The AI Act forces organizations to answer uncomfortable questions:

  • Do we have a complete inventory of AI tools used internally?
  • Who is accountable for AI decisions?
  • Can we explain how our models work?
  • Are we documenting our systems properly?
  • Is there a formal AI policy in place?

Belgian experts now strongly recommend establishing an internal AI Policy defining:

  • Acceptable use
  • Risk tolerance
  • Responsibility allocation
  • Human oversight protocols

AI is no longer an isolated innovation topic. It becomes a board-level governance issue.

A Practical Starting Point

Companies unsure about their exposure can begin with the official EU AI Act Compliance Checker.

This tool helps determine whether a specific AI system may fall under high-risk classification.

It is not a substitute for legal advice, but it is a valuable first diagnostic step.

Belgium’s Position: A Risk or an Advantage?

Belgium is not lagging behind.

Approximately 20% of Belgian companies already use AI, above the EU average. National and regional initiatives such as the National Convergence Plan for AI, DigitalWallonia4.ai, the Flemish AI Plan, and FARI in Brussels reinforce a strong innovation ecosystem.

The AI Act does not aim to slow innovation. It aims to structure it.

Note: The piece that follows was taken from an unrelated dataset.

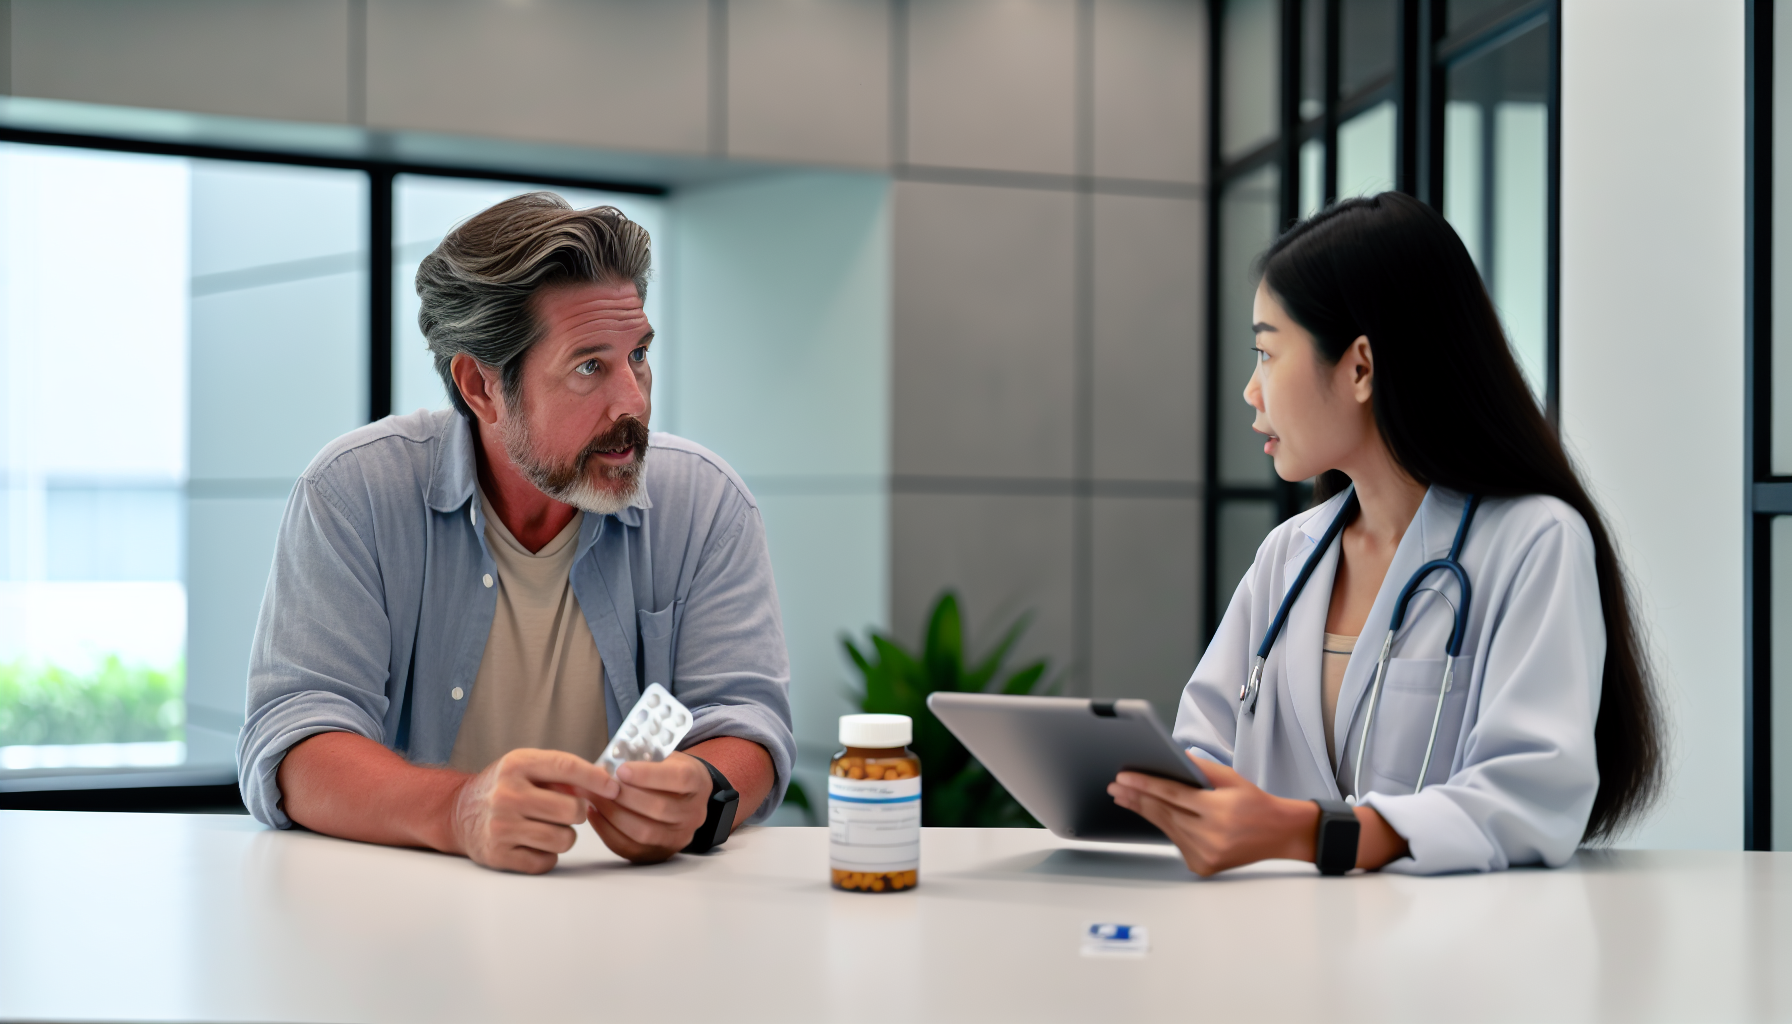 Photo of a person consulting with a healthcare provider about safe use of painkillers for herniated disc treatment
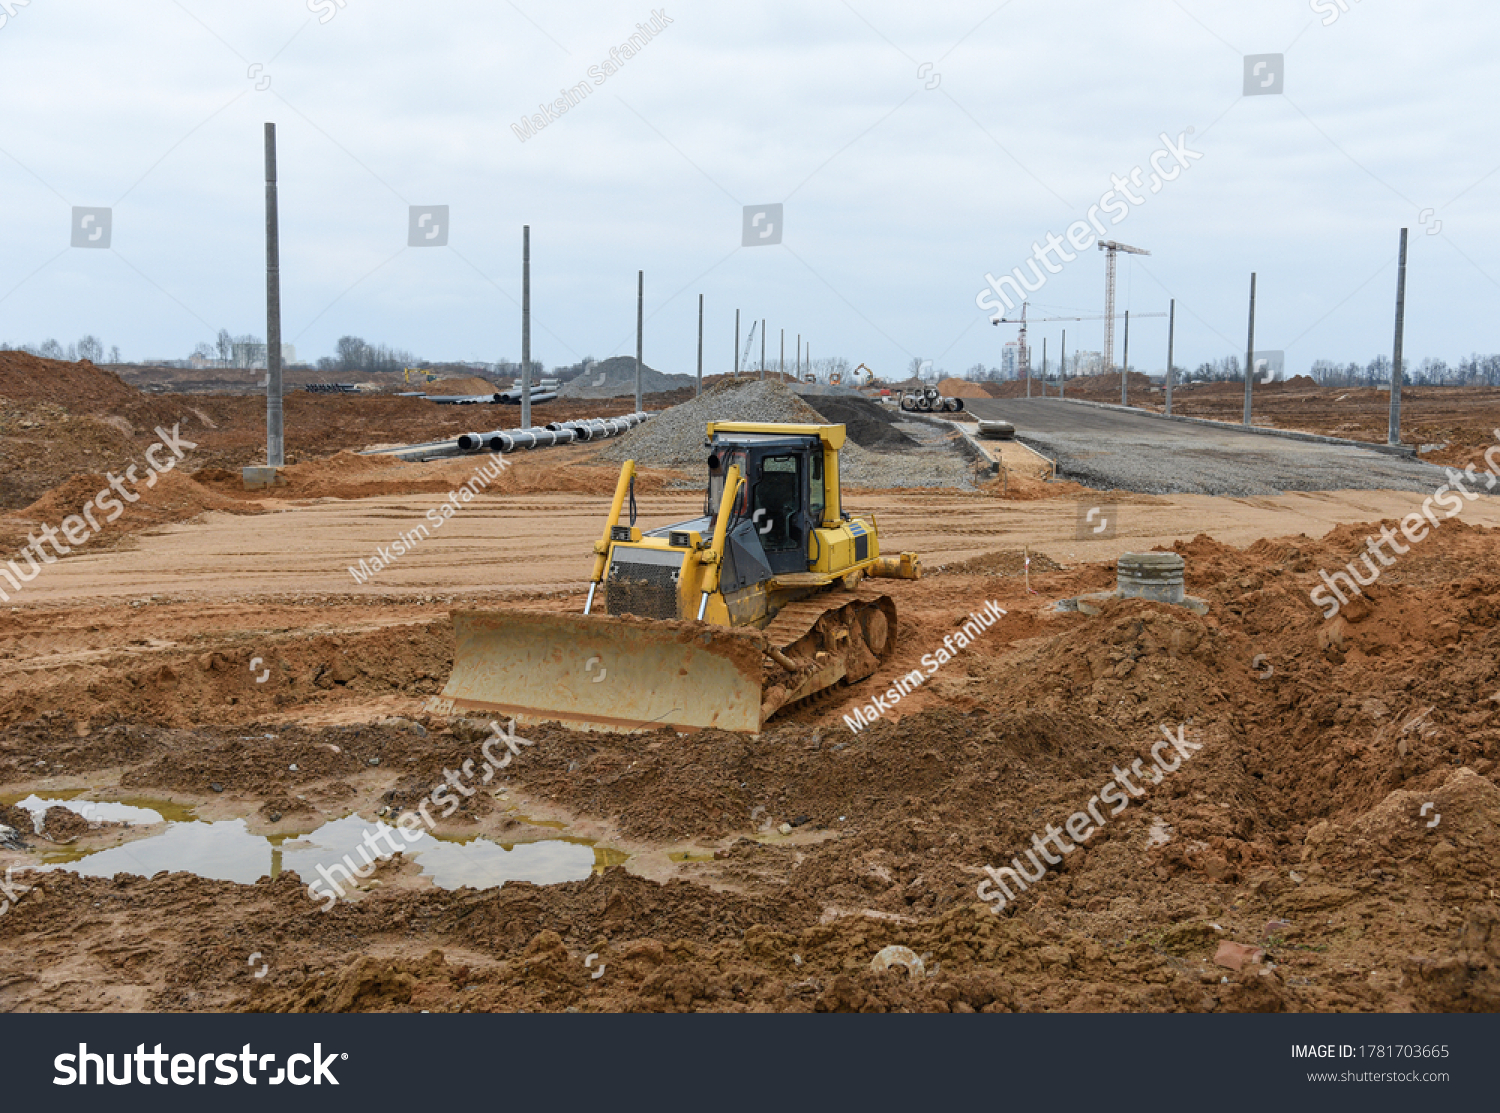 Bulldozer moves gravel during on road work at construction site. Dozer leveling stones for laying asphalt on a new freeway. Heavy machinery for earth-moving #1781703665

Organizations that integrate compliance early may gain a strategic advantage in trust, reputation, and governance maturity.

The Real Question for 2026

The EU AI Act is not just a regulatory shift.

It is:

  • A governance shift
  • A transparency shift
  • A talent shift
  • A cultural shift

Companies that see it purely as a legal burden will struggle. Companies that treat it as an organizational upgrade will be better positioned for long-term digital resilience.

The transition phase is over and the operational phase has begun.